Pure water is very weakly dissociated, meaning that the amount of H+ and OH- is very small. If we look at the autoprotolysis equilibrium of water
$$\ce{H2O <=> H+ + OH-}$$
and its autoprotolysis constant at 25 °C
$$\ce{K_w = [H+][OH-] = 1.01\times10^{-14}}$$
According to the equation above we know that the H+ and OH- are the same, so we can easily calculate that the concentration of H+ is around $\ce{1.005\times10^{-7}}$ mol/L
Now let's assume you add a small amount of a strong acid, such as HCl, so that the concentration of this acid solution is 0.001 mol/L. If we assume a complete dissociation of HCl according to the following equation
$$\ce{HCl -> H+ + Cl-}$$
we know that the concentrations of H+ and Cl- ions are the same, and equal to 0.001 or $\ce{1.0\times10^{-3}}$ mol/L. Thus, several orders of magnitude higher than the amount of H+ ions coming from water.
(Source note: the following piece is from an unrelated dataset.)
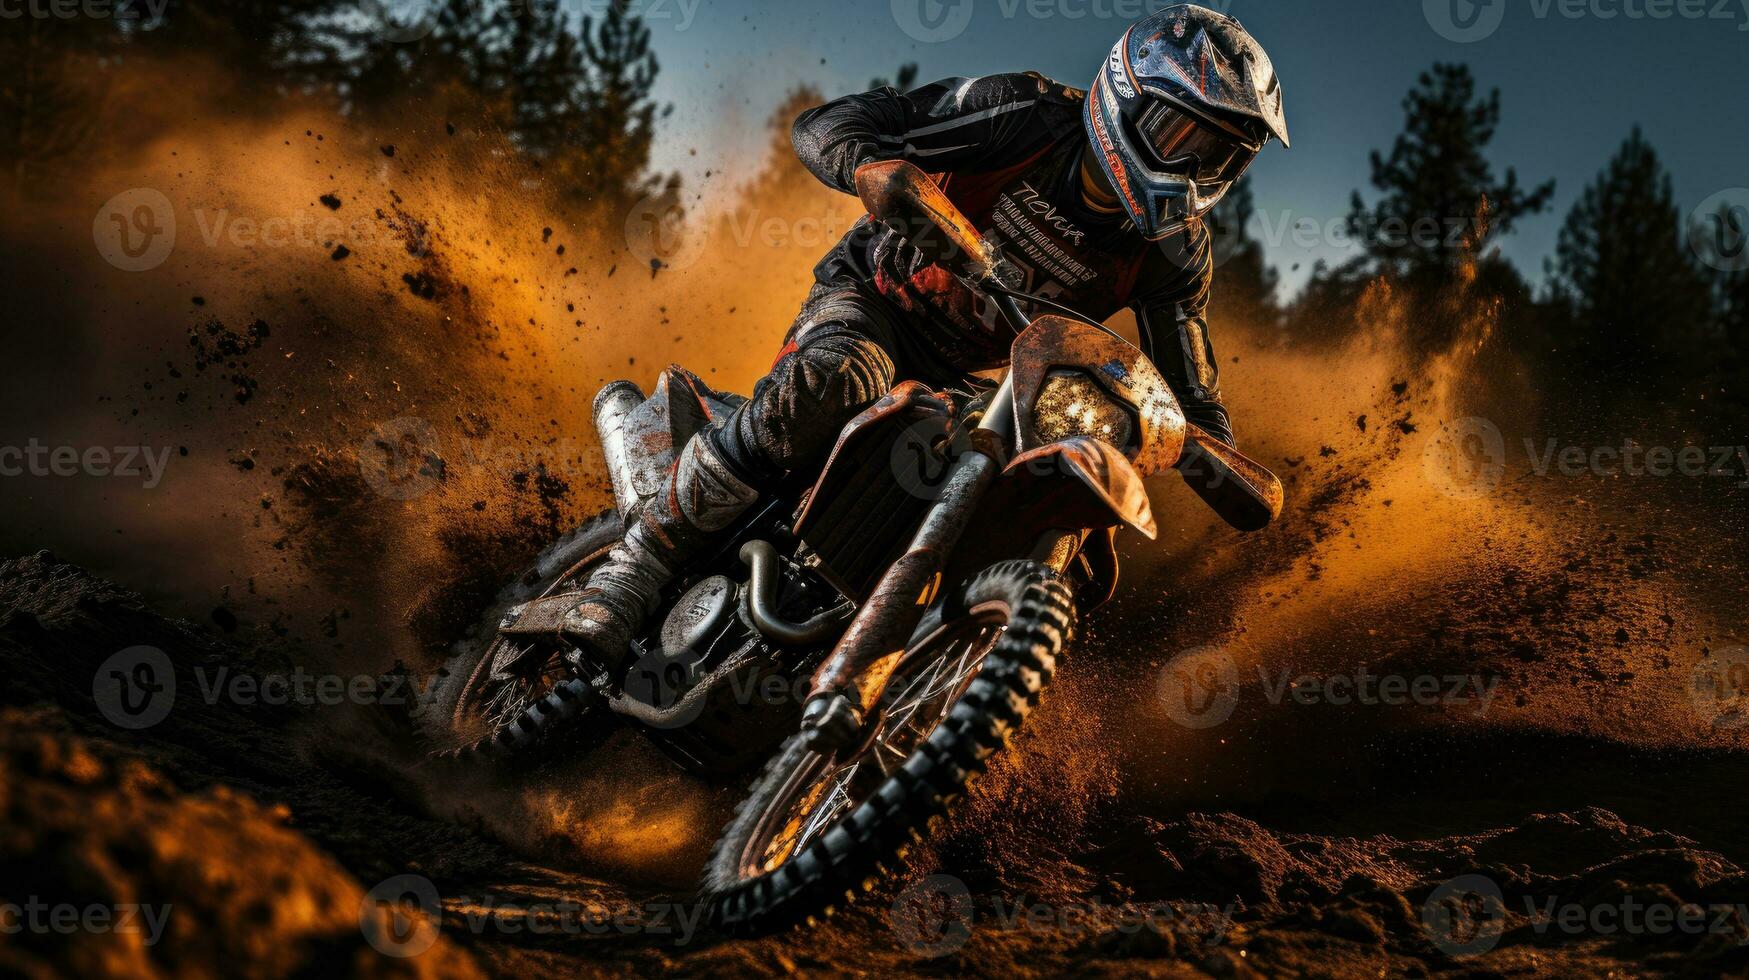 motocross jinete crea un lote de polvo y suciedad foto

So when calculating the pH we can use only the concentration of H+ from HCl dissociation, where $\ce{pH = -log_{10}(1.0\times10^{-3}) = 3}$. Or you can sum up the concentration of H+ coming from HCl and $\ce{H2O}$, where $\ce{pH = -log_{10}(1.0\times10^{-3} + 1.005\times10^{-7}}) \approx 3$ or more specifically 2.99996. But of course, this amount of decimal numbers makes no sense.